The Creatures sono stati un gruppo musicale italiano, attivo principalmente negli anni '80. Durante la loro carriera hanno pubblicato sette album, i primi tre dei quali sono stati distribuiti anche fuori dall'Italia, come i Paesi Bassi, la Germania ed il Brasile, il quarto è la colonna sonora del film Una donna da scoprire di Riccardo Sesani.

Hanno ottenuto i principali successi nel biennio 1984-1985 con i brani Maybe One Day, che entrò nella top 10 dei singoli più venduti in Italia[1], e Just in the Name of Love. Il gruppo partecipò tra le altre al Festivalbar che ad Azzurro.

Storia del gruppo[modifica | modifica wikitesto]

Nacquero ad inizio anno '80 come progetto musicale di Mario Flores. Il loro primo album Expansion - L'Altro Mondo Studios uscì per la Spice 7 nel 1982 (ristampato nel 1983 dalla tedesca ZYX Records, nel 2008 dalla francese Vintage Records e nel 2009 dalla Antibemusic S.R.L.). Seguito nel 1983 dal secondo album intitolato L'Altro Mondo Studios per la Full Time Records di Franco Donato, una importante etichetta della musica dance italiana[2][3]. Entrambi gli album rendevano tributo nel titolo all'omonima discoteca riminese. Da questo album fu il brano Believe in Yourself a conferìre loro popolarità a livello nazionale con le prime apparizioni televisive in programmi come Popcorn[4] e Superclassifica show.

Nel 1984 la band realizzò la colonna sonora del film Jocks di Riccardo Sesani, un B-movie poi divenuto di culto come uno dei pochi film, se non l'unico, a descrivere la scena italodisco[5]. E fu proprio in questo film che apparve per la prima volta quello che divenne poi uno dei loro singoli di maggior successo, Maybe One Day[6][7] che entrò nella top ten dei singoli più venduti in Italia[1]. Il brano fu presentato anche al Festivalbar 1984, che quell'anno vedeva la direzione artistica di Vittorio Salvetti e partecipò alla 3ª edizione di Azzurro nel 1984, nella squadra che comprendeva Mino Reitano, Daniela Goggi, Nik Kershaw e Dobrilla.

Fu poi del 1985 la pubblicazione di Illusion per la Zig Zag Records, il cui omonimo singolo fu stampato dalla tedesca Chic. Sempre in questo album era poi contenuto un secondo e più noto singolo dal titolo Just in the Name of Love.

Nel 1987, il loro quarto album dal titolo Una Donna Da Scoprire (A Woman To Discover), colonna sonora composta per l'omonimo film di Riccardo Sesani con Agostina Belli e Marina Suma[8][9].

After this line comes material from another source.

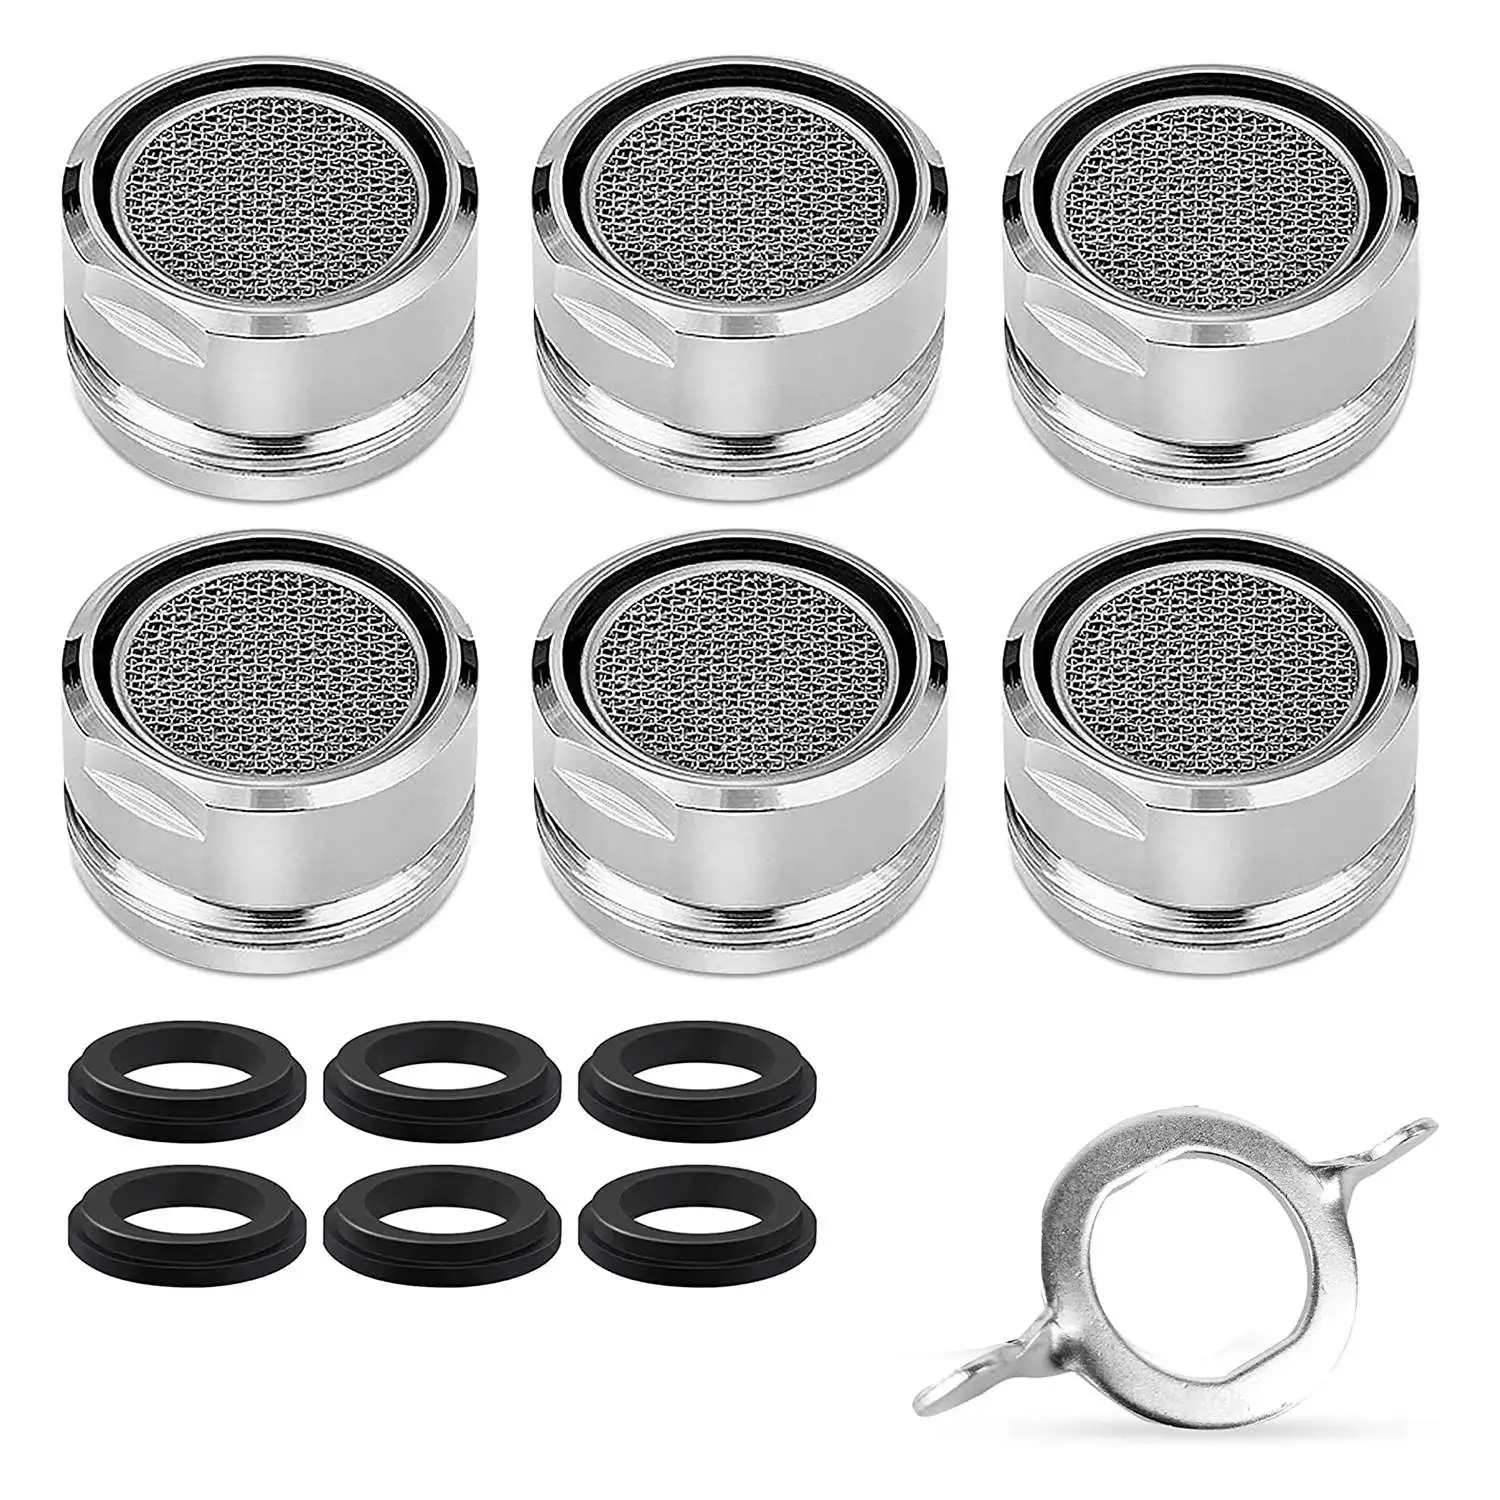 

6PCS M24 Tap Aerators with 6 High Quality Gaskets and 1 Chrome Keys Stainless Steel Aerator for Kitchen and

Seguirono altri tre album minori: Concerto No. 1 del 1988, White Flame del 1990 e Mutation dell'anno successivo.

Discografia[modifica | modifica wikitesto]

Album in studio[modifica | modifica wikitesto]

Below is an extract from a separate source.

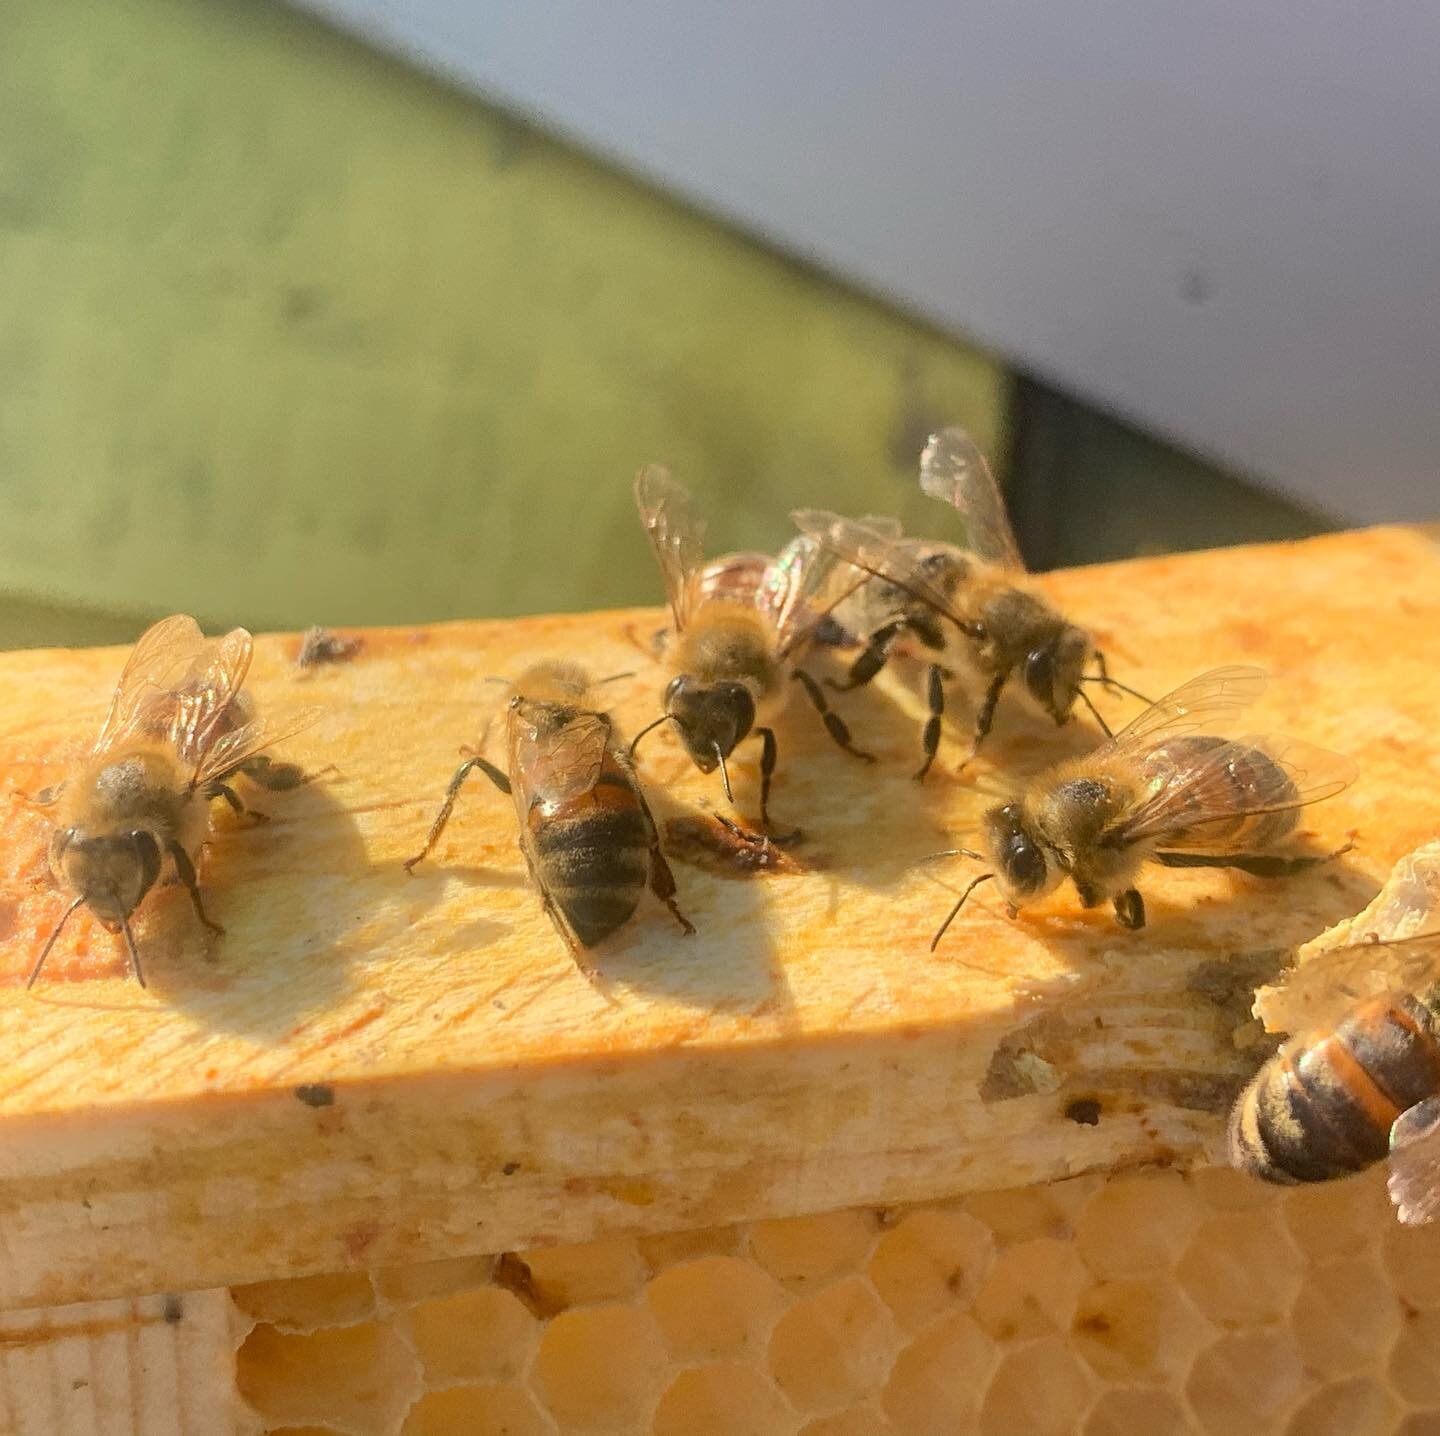 &ldquo;They&rsquo;ve started bringing pollen in!&rdquo; - Beekeeper  Bob🐝 #honeybees #mn #farmstrong #treeblossoms

  • 1982 – Expansion - L'Altro Mondo Studios
  • 1983 – L'Altro Mondo Studios
  • 1985 – Illusion
  • 1987 – Una donna da scoprire (colonna sonora)
  • 1988 – Concerto No. 1
  • 1990 – White Flame
  • 1991 – Mutation

Singoli[modifica | modifica wikitesto]

  • 1984 - Maybe One Day

Raccolte[modifica | modifica wikitesto]

  • 1984 – Booster
  • 1990 – The Best of The Creatures
  • 1990 – Discography Collection (The History of Italian Dance Music Volume III)

Partecipazioni a compilation[modifica | modifica wikitesto]

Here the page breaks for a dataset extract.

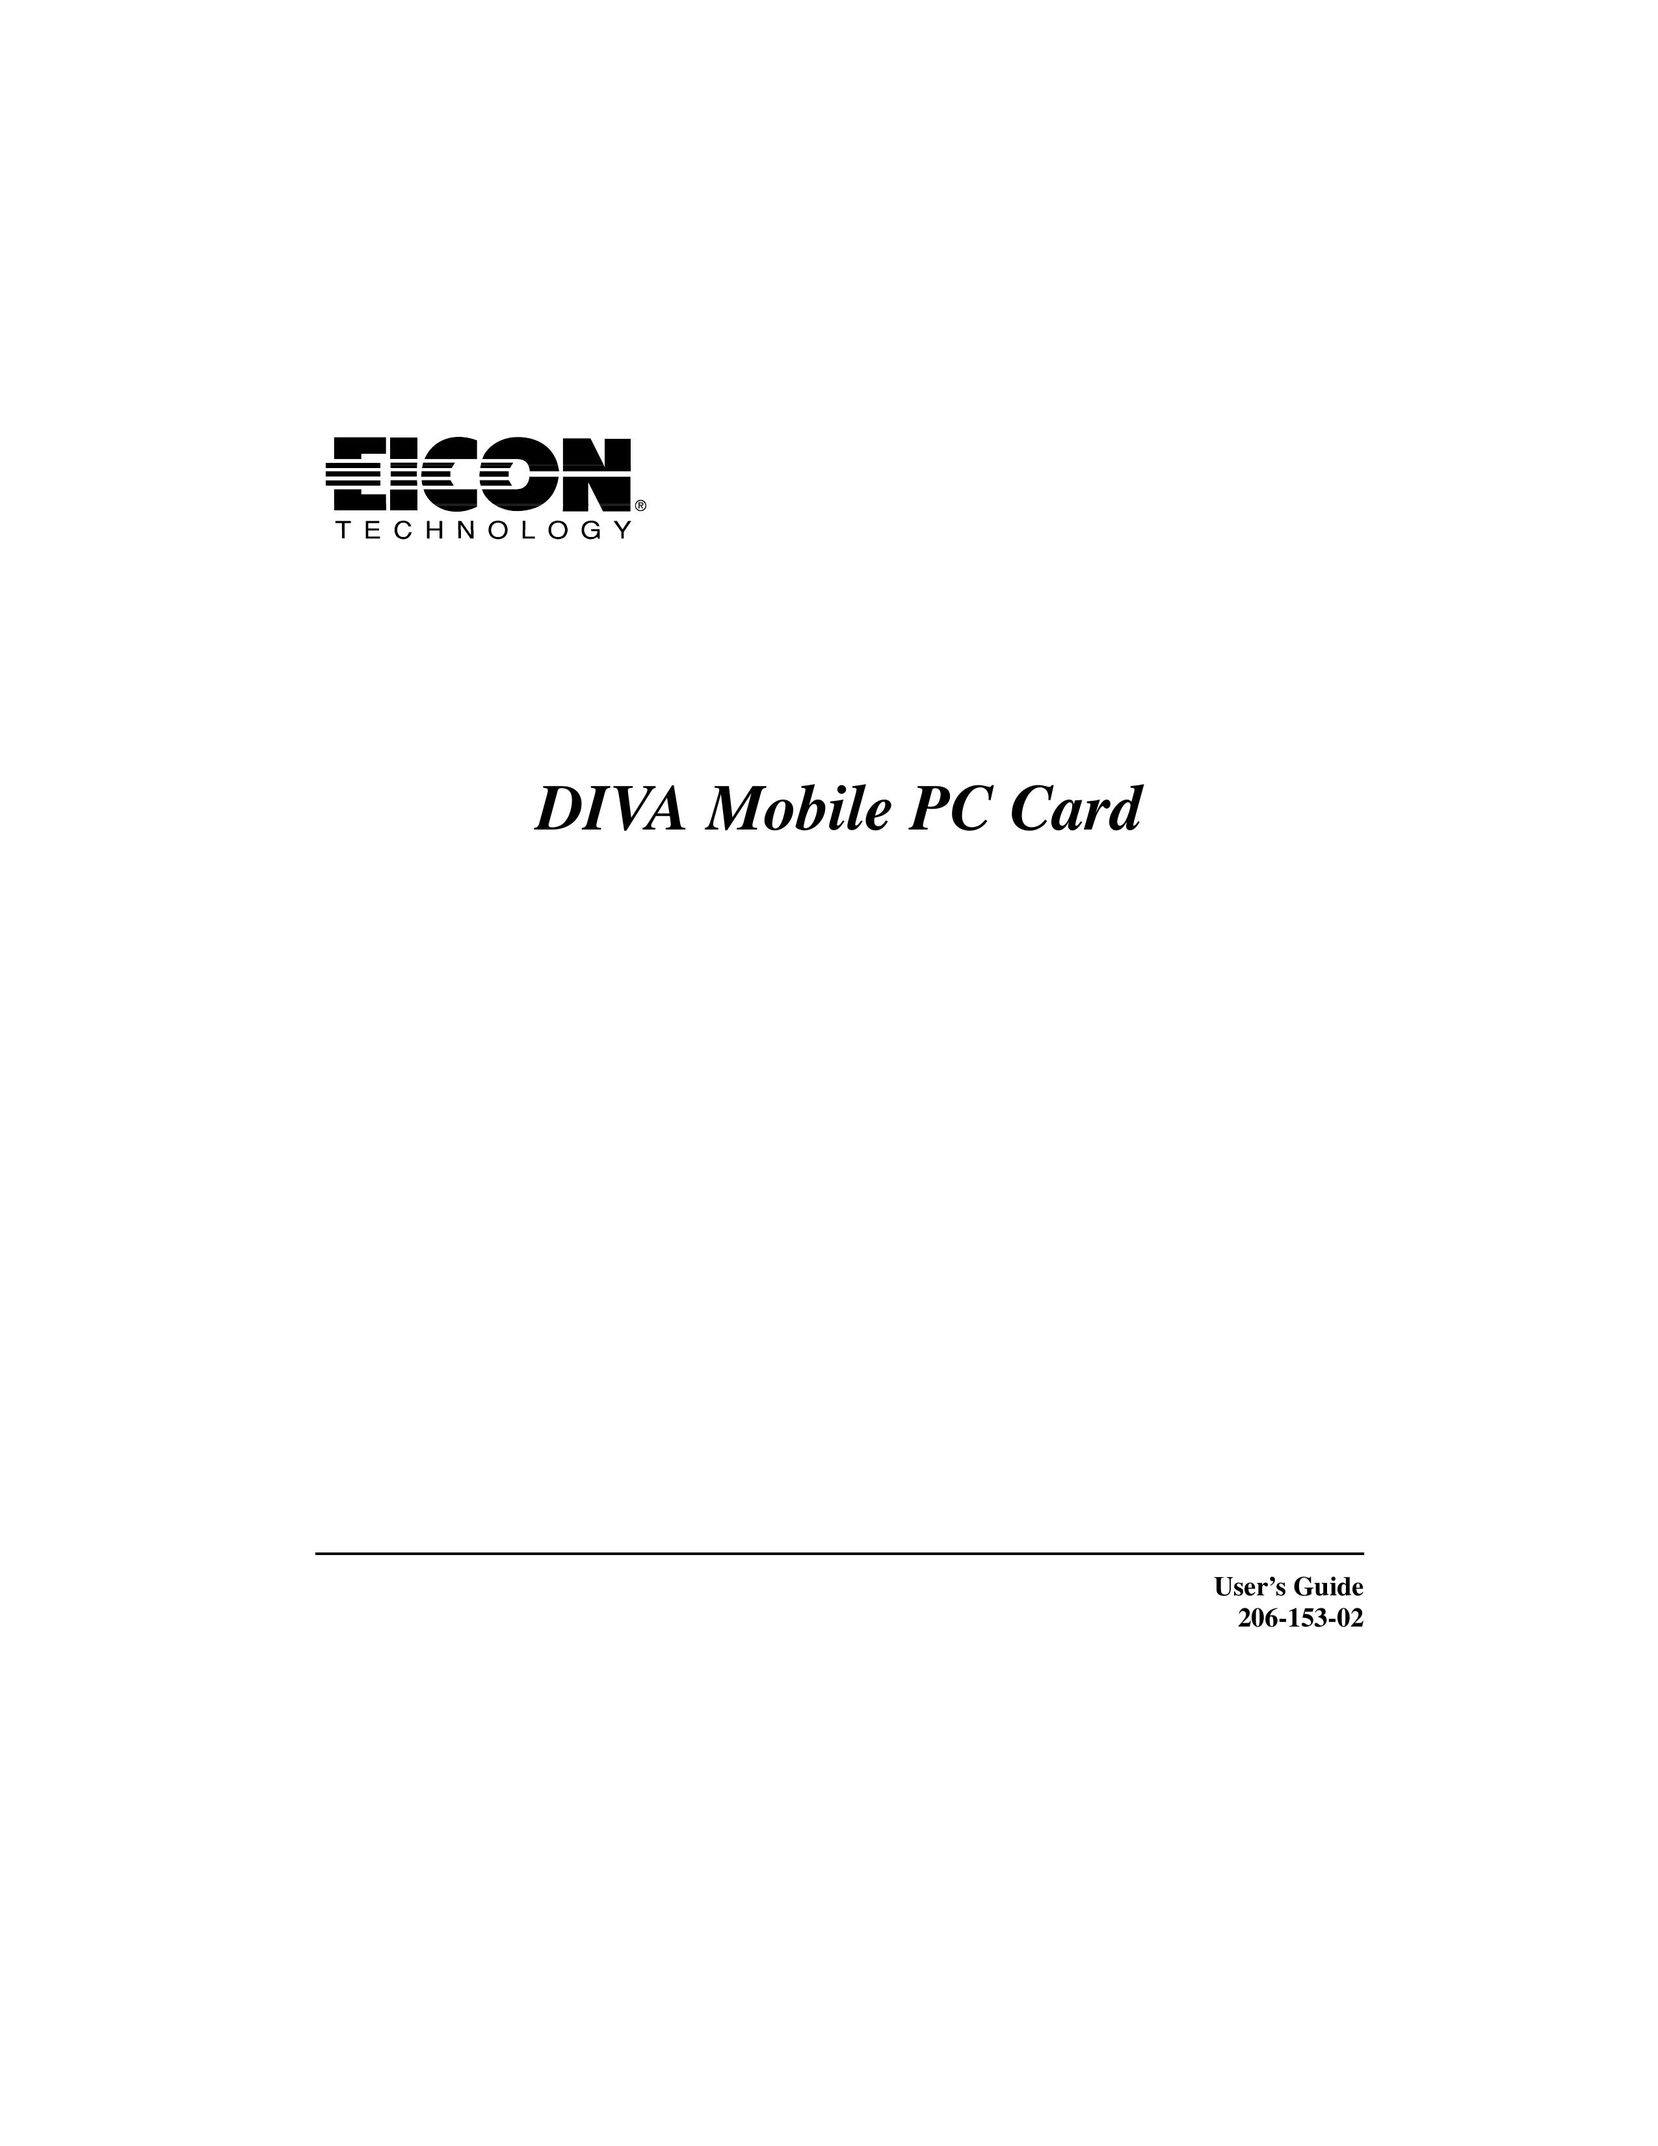 Eicon Networks 800-241 Network Card User Manual

Note[modifica | modifica wikitesto]

  1. ^ a b Francesco Cataldo Verrina, The History of Italo Disco, Edizioni Kriterius, 2014.
  2. ^ Francesco Cataldo Verrina, DISCO MUSIC The Whole World's Dancing, Edizioni Kriterius, 2014.
  3. ^ Full Time Records su Discogs
  4. ^ Filmato audio Claudio Cecchetto, The Creatures Believe in yourself complete, su Youtube, 25 settembre 2007, a 1 min 34 s. URL consultato il 12 settembre 2018.
  5. ^ Demented Burrocacao, L'unico film capace di raccontare gli anni d'oro dell'Italo Disco, su vice.com, 4 agosto 2015.
  6. ^ Jocks su IMDB
  7. ^ Original Soundtrack from The Motion Picture "Jocks" su Discogs
  8. ^ Scheda di Una donna da scoprire su Coomingsoon
  9. ^ Album Una donna da scoprire (A Woman To Discover) su discogs

Collegamenti esterni[modifica | modifica wikitesto]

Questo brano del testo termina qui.